As ciências sociais têm, por natureza, essa característica recursiva, que tem como fundamento a unidade do social, embora ampla, enquanto fenômeno a ser estudado e a pluralidade de abordagens desenvolvidas pelas diversas disciplinas científicas (SANTOS, 1989). Além do seu objeto que fala e interpreta, essa diversidade de abordagens desenvolvidas pelas ciências sociais, como um todo, apresenta-se como uma das questões mais complexas na construção de bases teórico-metodológicas mais particularizadas e, por conseguinte, da legitimidade e da autonomia científica de algumas ciências sociais.

Em que pesem as exigências do rigor do método científico historicamente construído no interior das ciências exatas e da natureza, em ciências sociais, faz-se necessário observar, ao mesmo tempo, a multiplicidade de abordagens possíveis e, consequentemente, a diversidade de critérios de avaliação disponível.

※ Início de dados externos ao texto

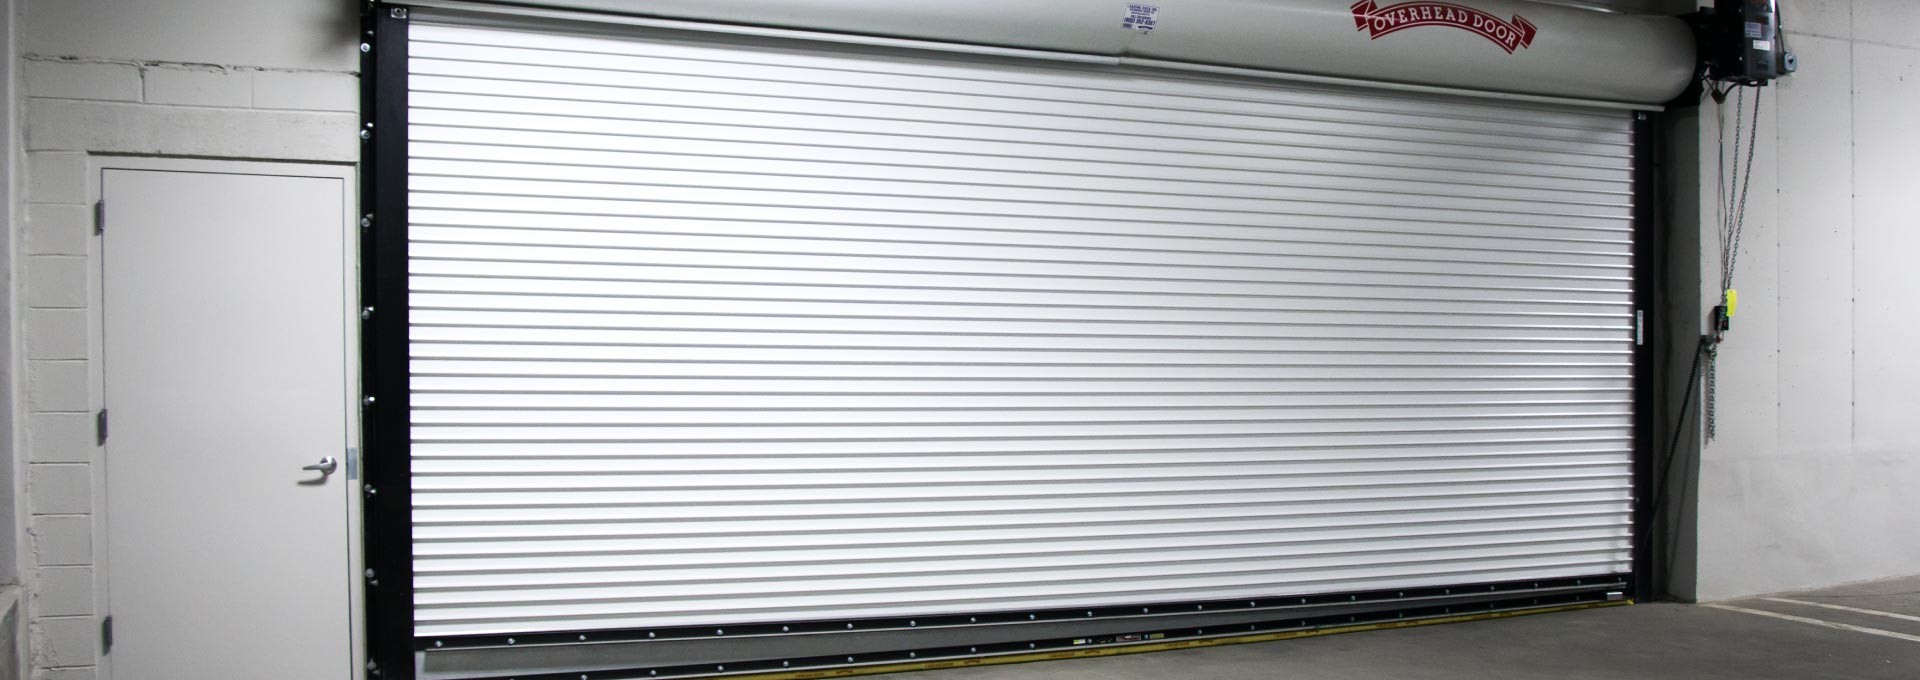 Wide array of rolling steel doors to demanding fire-safety standards and discerning aesthetic requirements

Mais que em qualquer outro campo científico, em ciências sociais, os critérios de cientificidade estão relacionados diretamente às forças que governam a comunidade científica e que definem, como explica Kuhn (2007), os acordos e, pelo menos, o consenso aparente. Embora não deixe de considerar o progresso científico ocorrido naquelas ciências, em toda a modernidade, por outro lado, é condição essencial o alargamento da concepção de ciência para além do modelo predominantemente analítico.

A epistemologia das ciências sociais tem atualmente uma grande relevância porque possibilita a compreensão da possibilidade de inteligibilidade do social por intermédio de uma

totalidade (realidade social) e das possibilidades de conhecimento no interior das diversas disciplinas que as compõem. Mais que isso, segundo Santos (1989, p. 16), “a compreensão do real social proporcionado pelas ciências sociais só é possível na medida em que estas se autocompreendam nessa prática e nô-la desenvolvem, duplamente transparente, a nós que somos o princípio e o fim de tudo o que se diz sobre o mundo”. Há, portanto, uma ampliação da noção de ciência, uma vez que quebra o círculo vicioso objeto-sujeito-objeto.

Há nessas condições de produção epistêmica o modelo reticular, que caracteriza as práticas sociais, políticas e econômicas contemporâneas. Nesse contexto, trata-se de considerar a complexidade das diversas manifestações da natureza e integrar, em maior ou menor medida, os elementos que compõem essa complexidade nos diversos campos científicos. Longe de perseguir a unidade da ciência, essa nova forma de conceber e realizar a prática científica corresponde, segundo Morin (2006, 2007), ao desenvolvimento de uma ciência mais consciente. Essa postura epistemológica exige, nas palavras do autor, uma reforma do pensamento, que se traduz em uma postura crítica na prática científica, considerando, essencialmente, os entraves às reflexões epistemológicas.